Going beyond finite games, this further raised the question of what type of non-convergent behaviors can be observed in continuous games – such as the class of stochastic min-max problems that are typically associated to generative adversarial networks (GANs) in machine learning. This question was one of our primary collaboration axes with EPFL, and led to a joint research project focused on the characterization of the convergence properties of zeroth-, first-, and (scalable) second-order methods in non-convex/non-concave problems. In particular, we showed in that these state-of-the-art min-max optimization algorithms may converge with arbitrarily high probability to attractors that are in no way min-max optimal or even stationary – and, in fact, may not even contain a single stationary point (let alone a Nash equilibrium). Spurious convergence phenomena of this type can arise even in two-dimensional problems, a fact which corroborates the empirical evidence surrounding the formidable difficulty of training GANs.

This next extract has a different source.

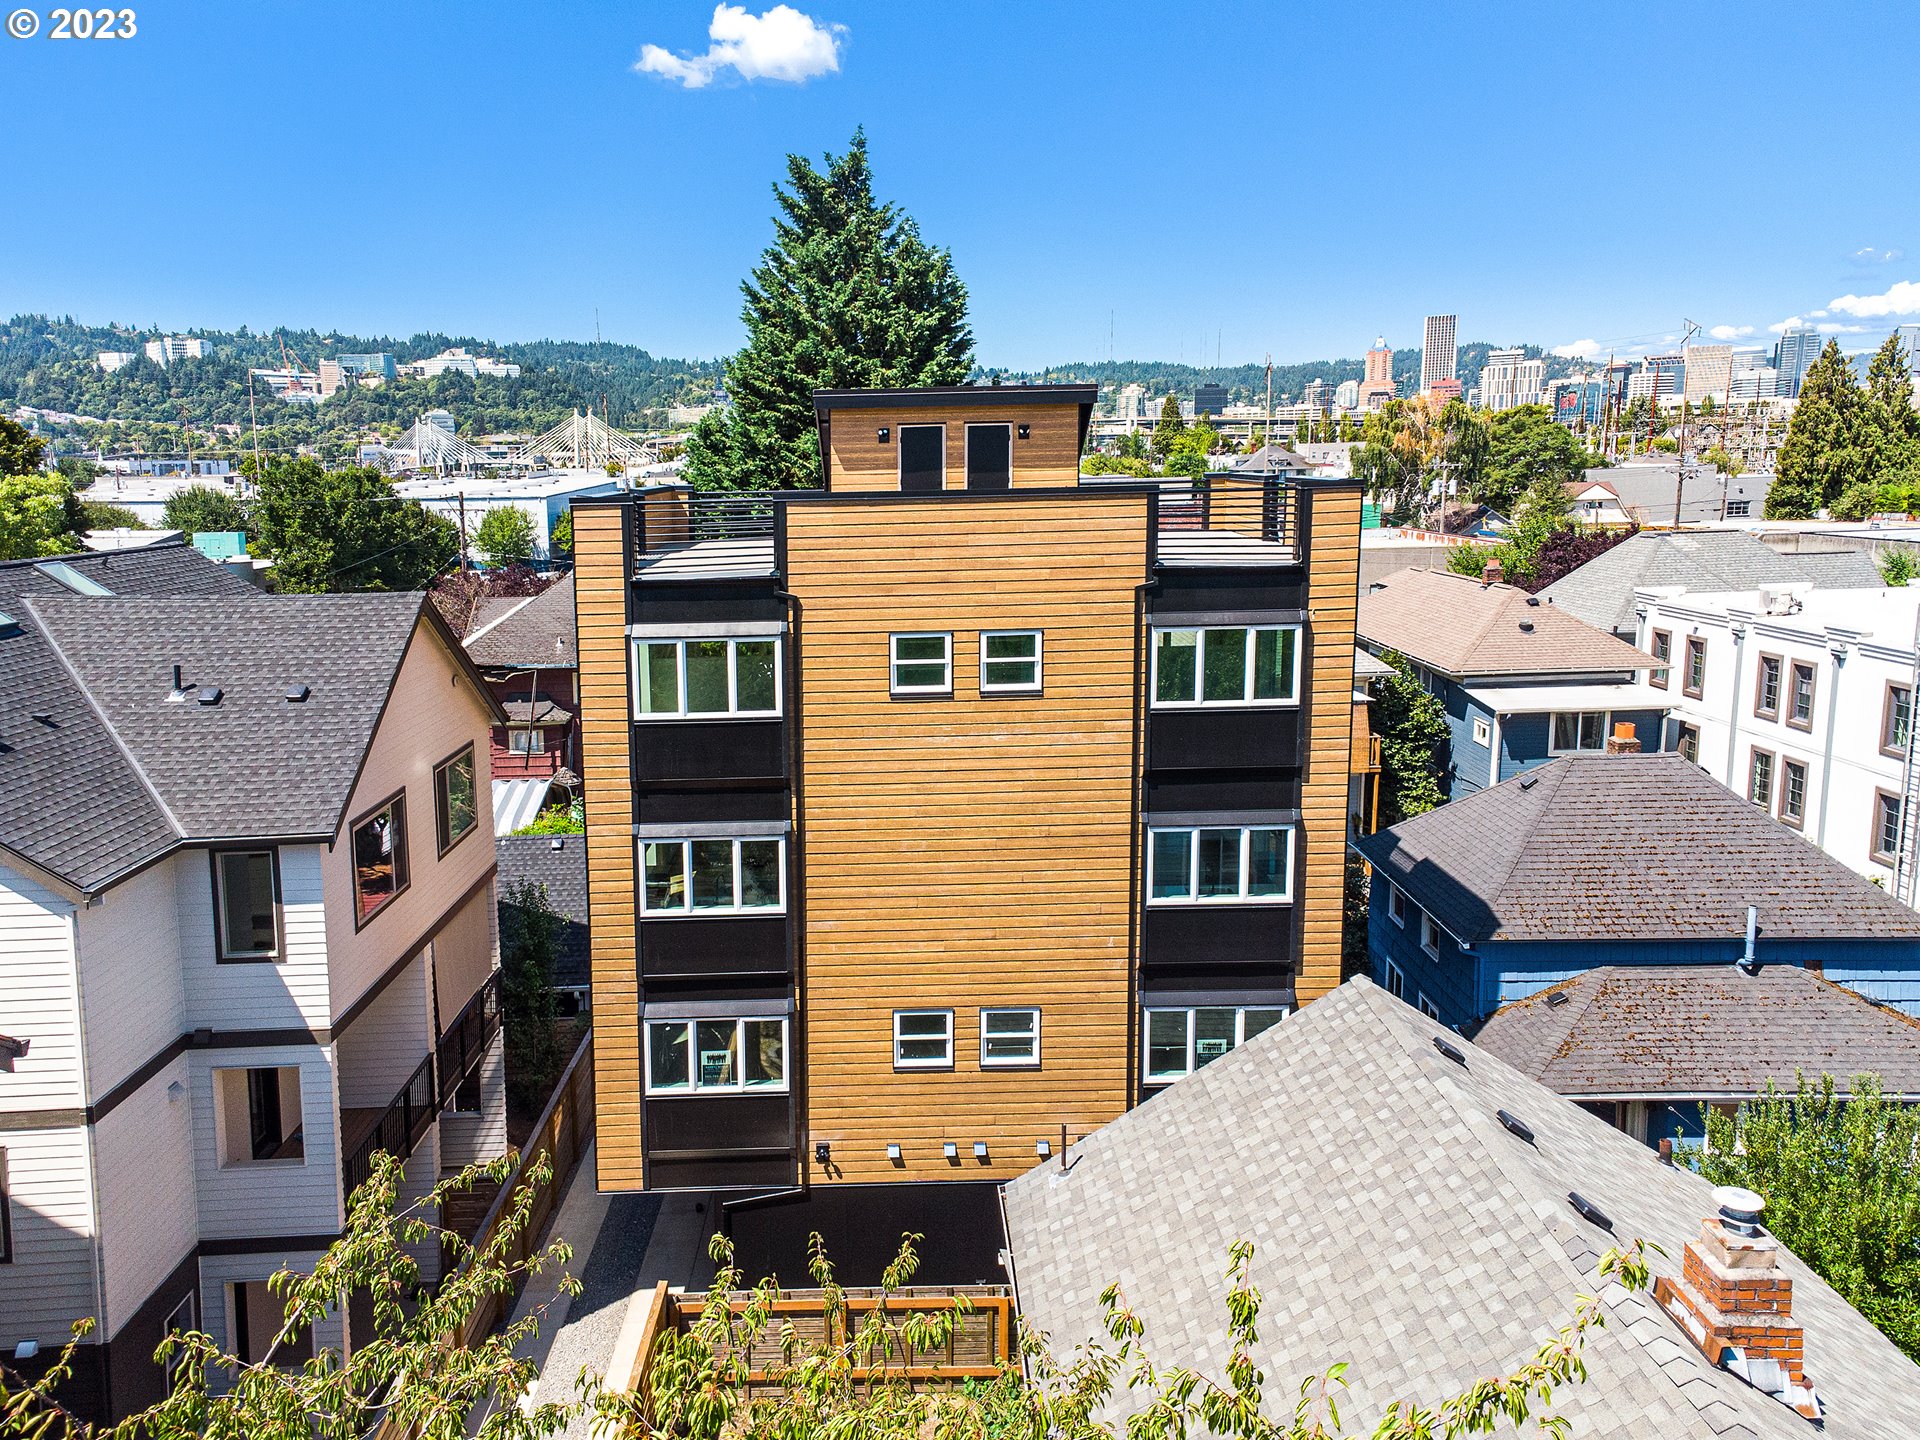 an aerial view of a residential apartment building
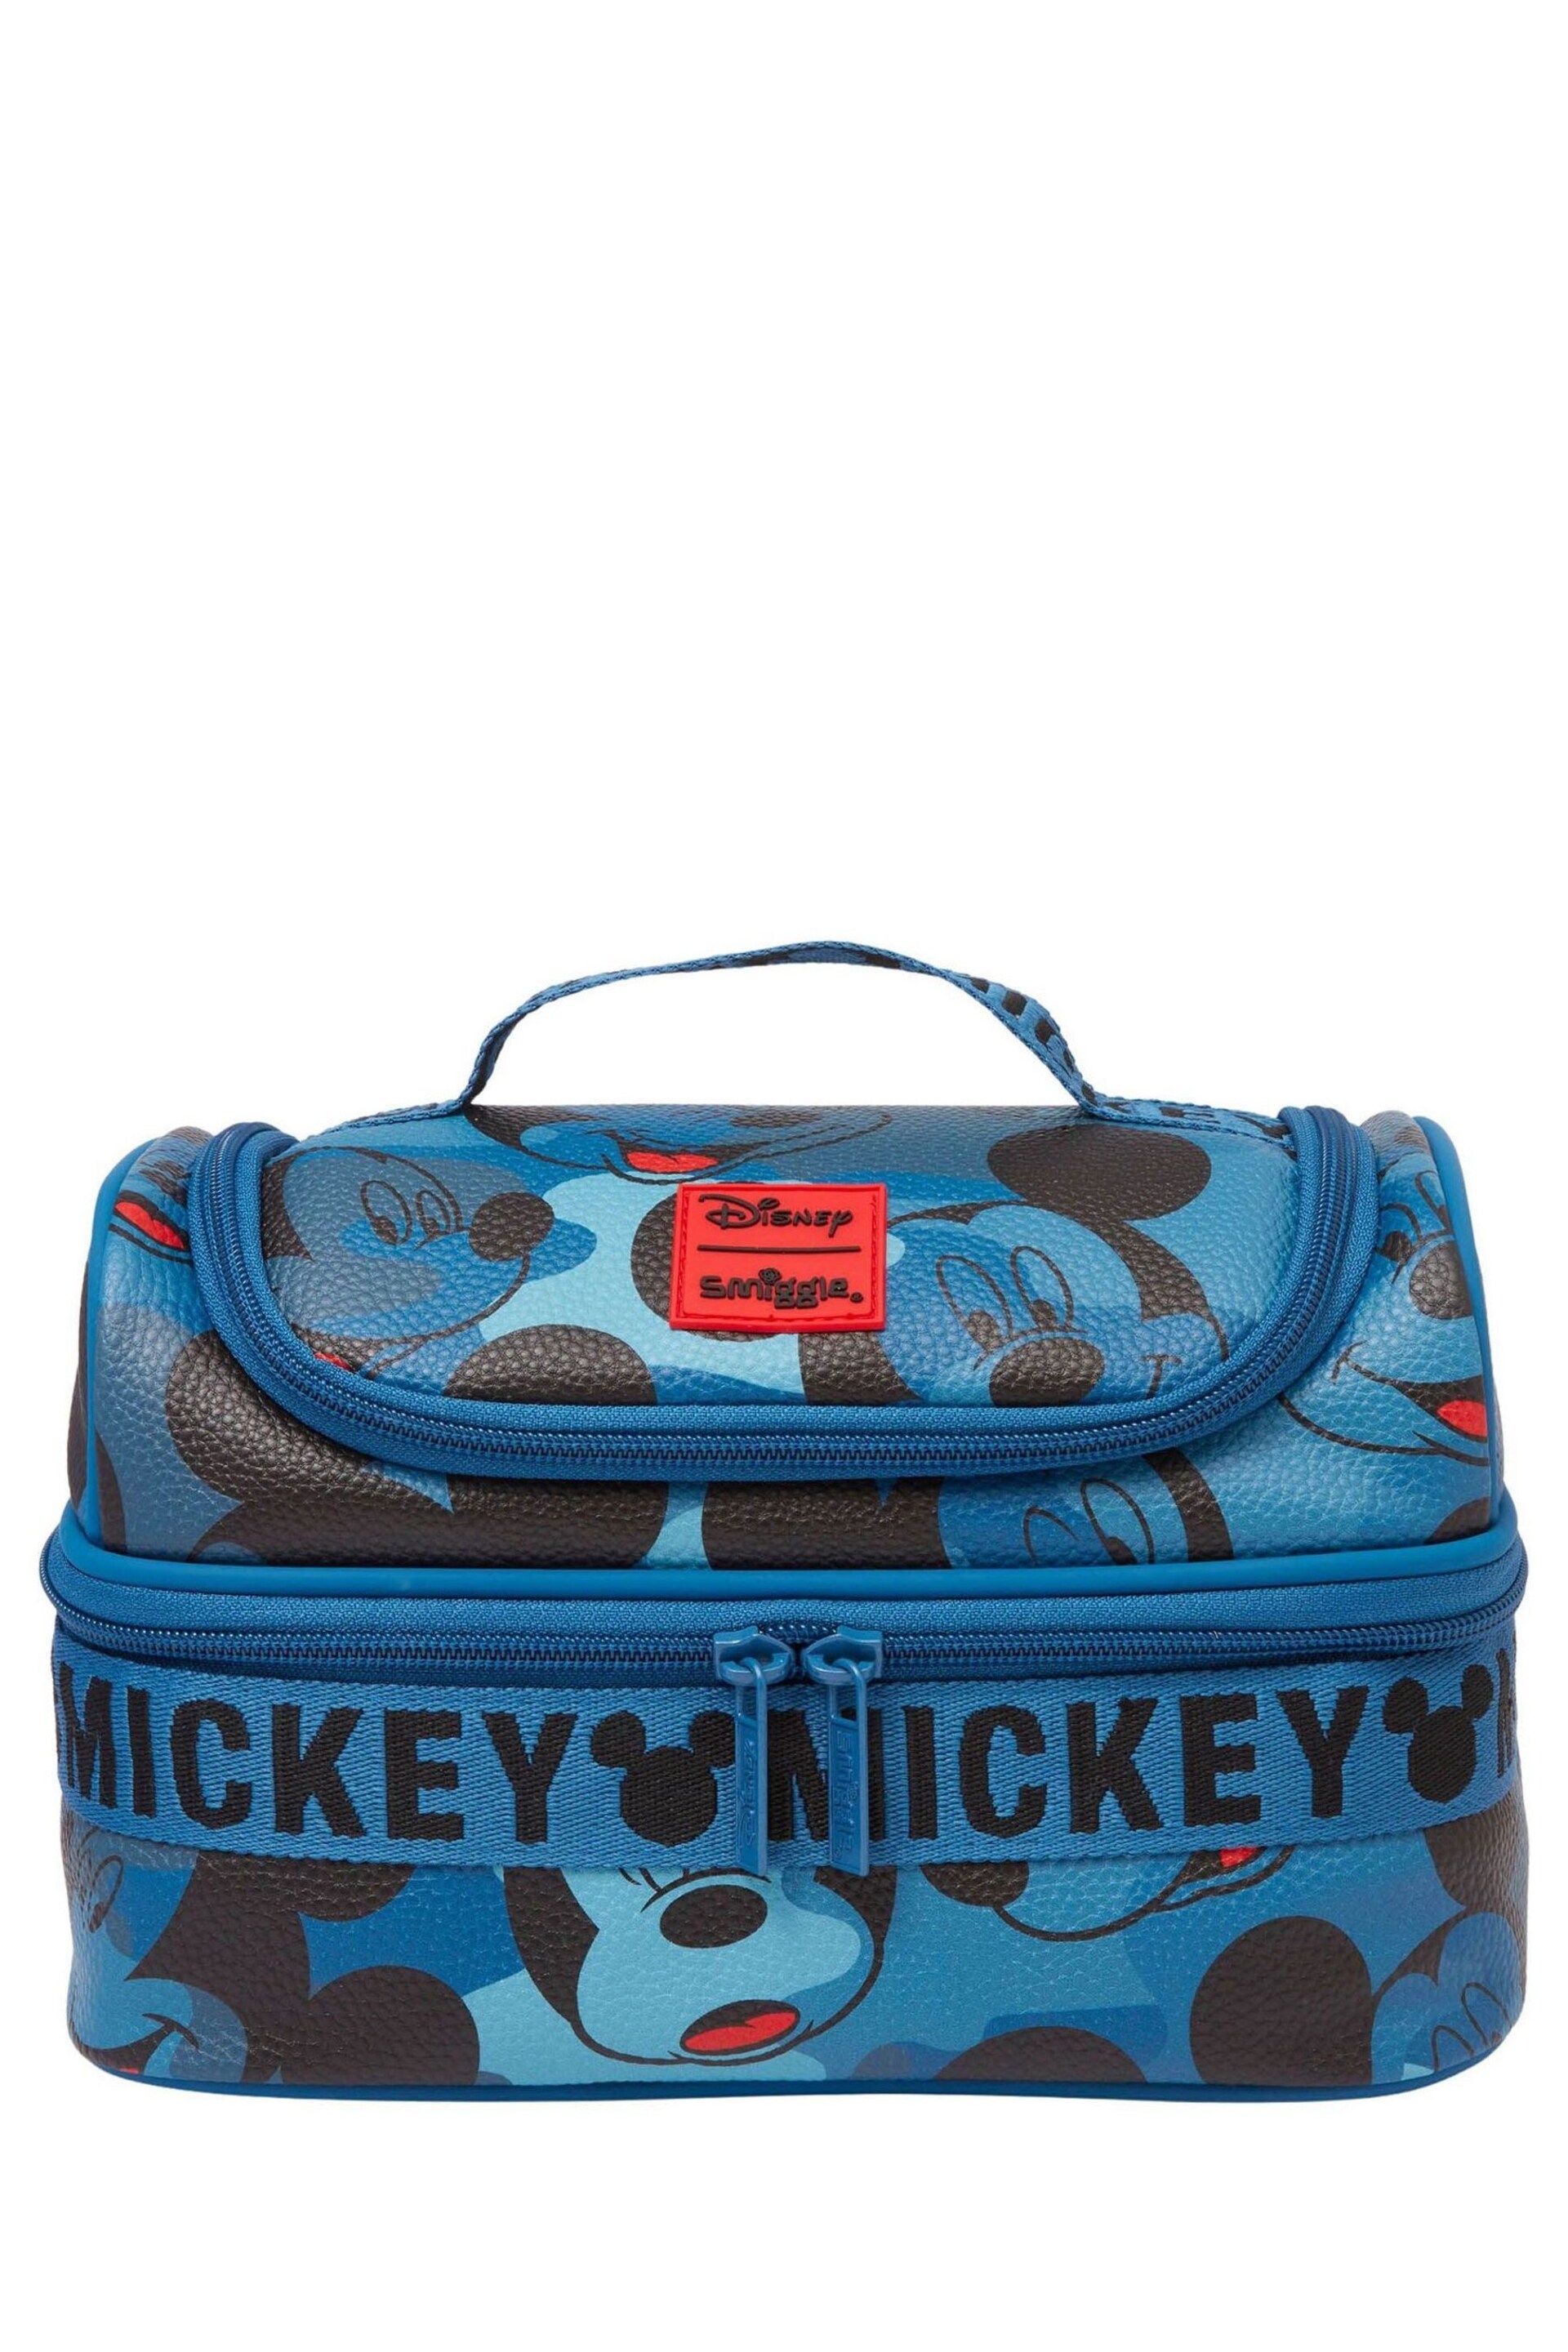 Smiggle Blue Mickey Mouse Disney Double Decker Lunchbox - Image 1 of 3

The topics in this axis emerge from current social and economic questions rather than from a fixed set of mathematical methods. To this end we have identified large trends such as energy efficiency, fairness, privacy, and the growing number of new market places. In addition, COVID has posed new questions that opened new paths of research with strong links to policy making.

Throughout these works, the focus of the team is on modeling aspects of the aforementioned problems, and obtaining strong theoretical results that can give high-level guidelines on the design of markets or of decision-making procedures. Where relevant, we complement those works by measurement studies and audits of existing systems that allow identifying key issues. As this work is driven by topics, rather than methods, it allows for a wide range of collaborations, including with enterprises (e.g., Naverlabs), policy makers, and academics from various fields (economics, policy, epidemiology, etc.).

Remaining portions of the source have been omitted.